— Подумал, что ты решил спустить деньги на эту шлюху с мордой как у мула.
— Вовсе нет.
— Уже понял. — Навион впился в него взглядом. — Я твой должник. Спасибо.
— Да не за что, — успокоившись, отозвался Карбон.
— Ну так где этот бордель? Должен быть где-то недалеко. — Навион повернул голову — и застонал.
— Что-то мне это уже не кажется такой уж хорошей идеей, — возразил Карбон. — Ты вообще сможешь стоять — не говоря уже о том, сможет ли стоять твой хрен?
Навион гортанно хохотнул:
— Возможно, ты прав.
— Давай лучше вернемся в трактир.
— Мой пояс. Где он?
Карбон пошарил вокруг, и его пальцы сомкнулись на позолоченном металле и коже.
— Тут он. Я его понесу.
С помощью юноши Навиону удалось встать. Он слабо пнул труп грабителя:
— Ловко ты с ним разделался. Тебя учили обращаться с оружием?

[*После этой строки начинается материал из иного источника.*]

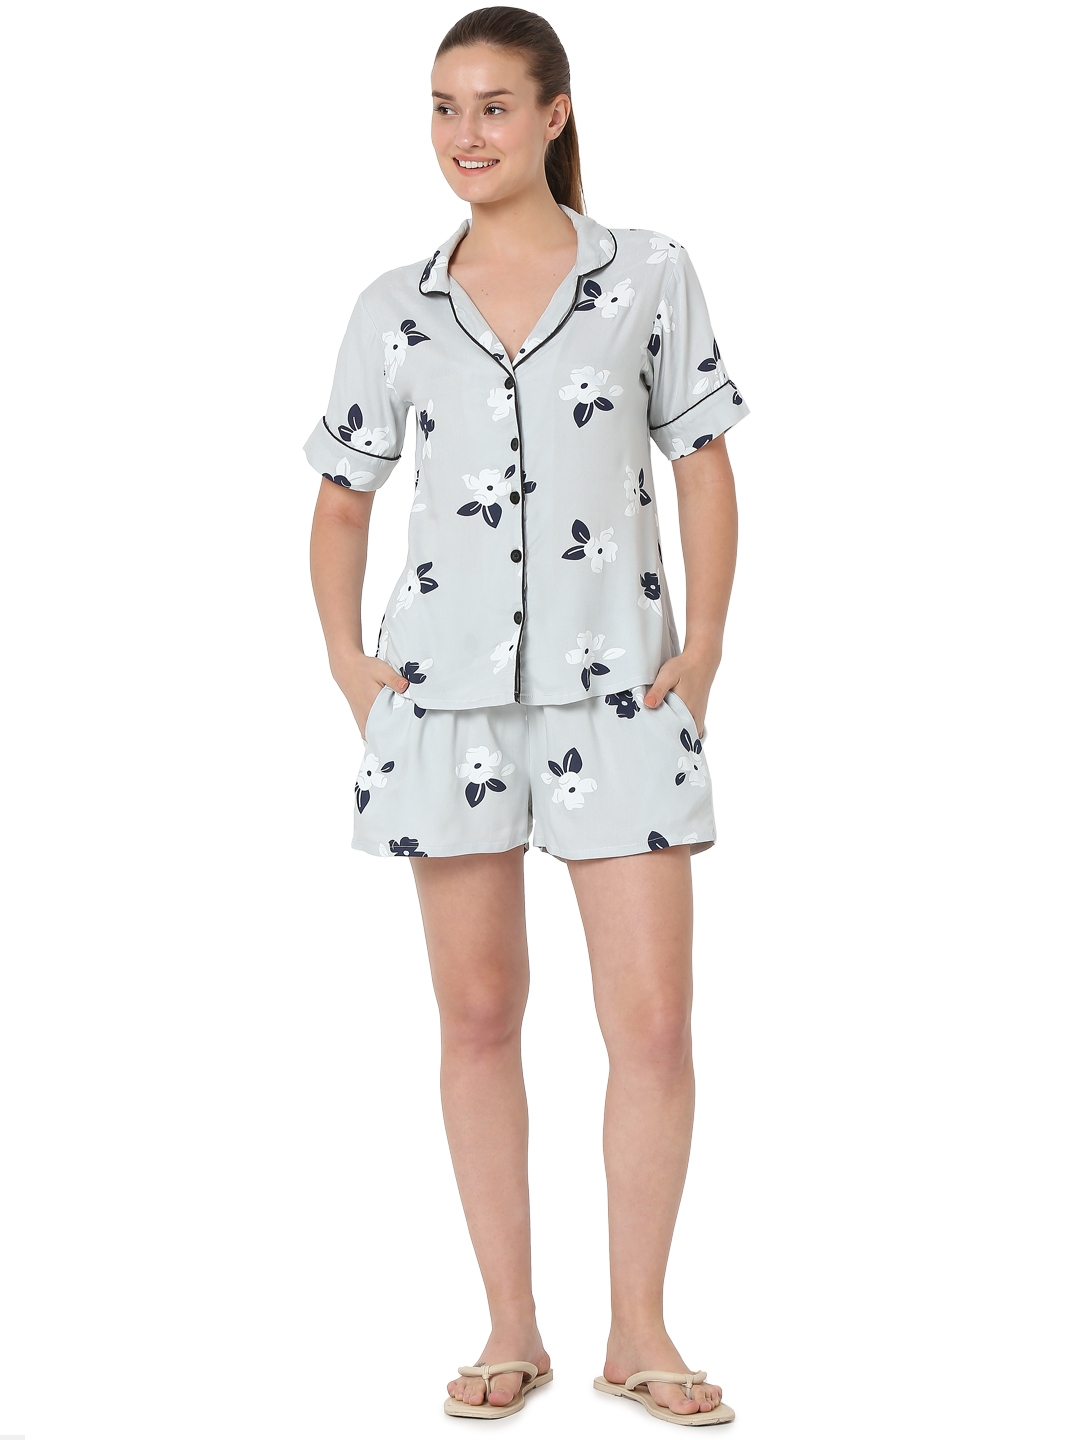 Smarty Pants | Smarty Pants women's cotton grey color floral print shorts & shirt night suit. 
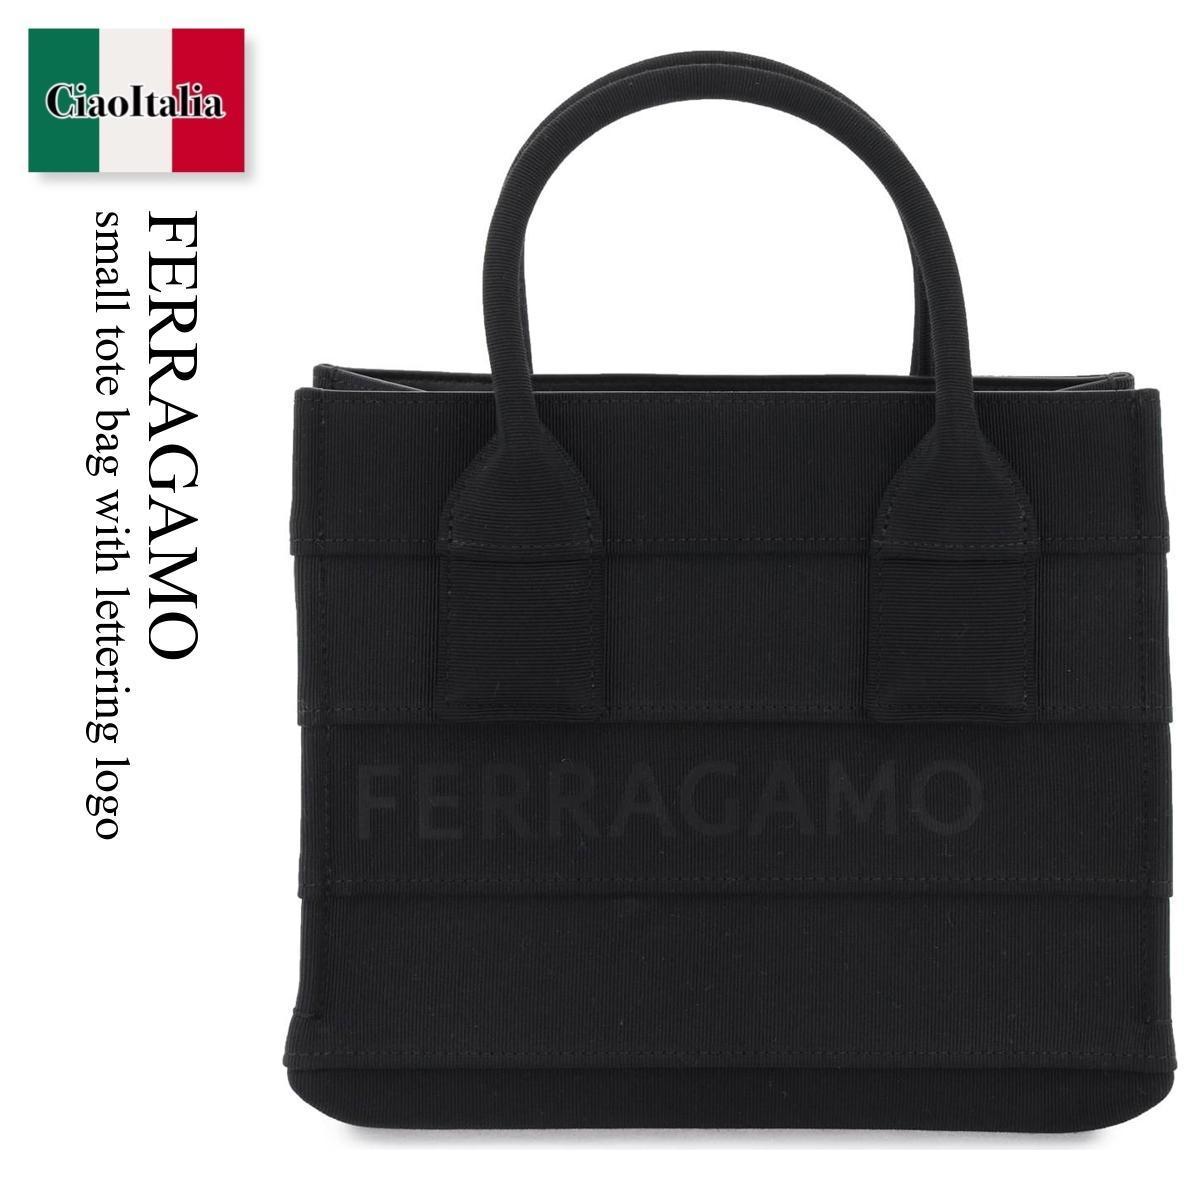 フェラガモ トートバッグ レディース フェラガモ / Ferragamo Small Tote Bag With Lettering Logo / 2149880765802 / 2149880765802 001 / 2149880765802001 / トートバッグ / 「正規品補償」「VIP価格販売」「お買い物サポート」

Карбону пришлось быстро соображать.
— У нас был раб, самнит, который участвовал в Союзнической войне. Он меня немного учил.
— Союзническая война, говоришь? — В смешке Навиона явно прозвучала горечь.
— А что? — Карбон двинулся вперед, поддерживая Навиона.
— Ничего.
Карбон не стал настаивать. Вместо этого он привел Навиона назад в трактир. Когда они вернулись, на них почти никто не обратил внимания, и Карбон был только рад этому: уж очень не хотелось объясняться с городской стражей.
— Иди-ка ты ложись, — посоветовал он Навиону. — Тебе нужно поспать.
— Я задолжал тебе выпивку! Это самое меньшее, что я могу сделать.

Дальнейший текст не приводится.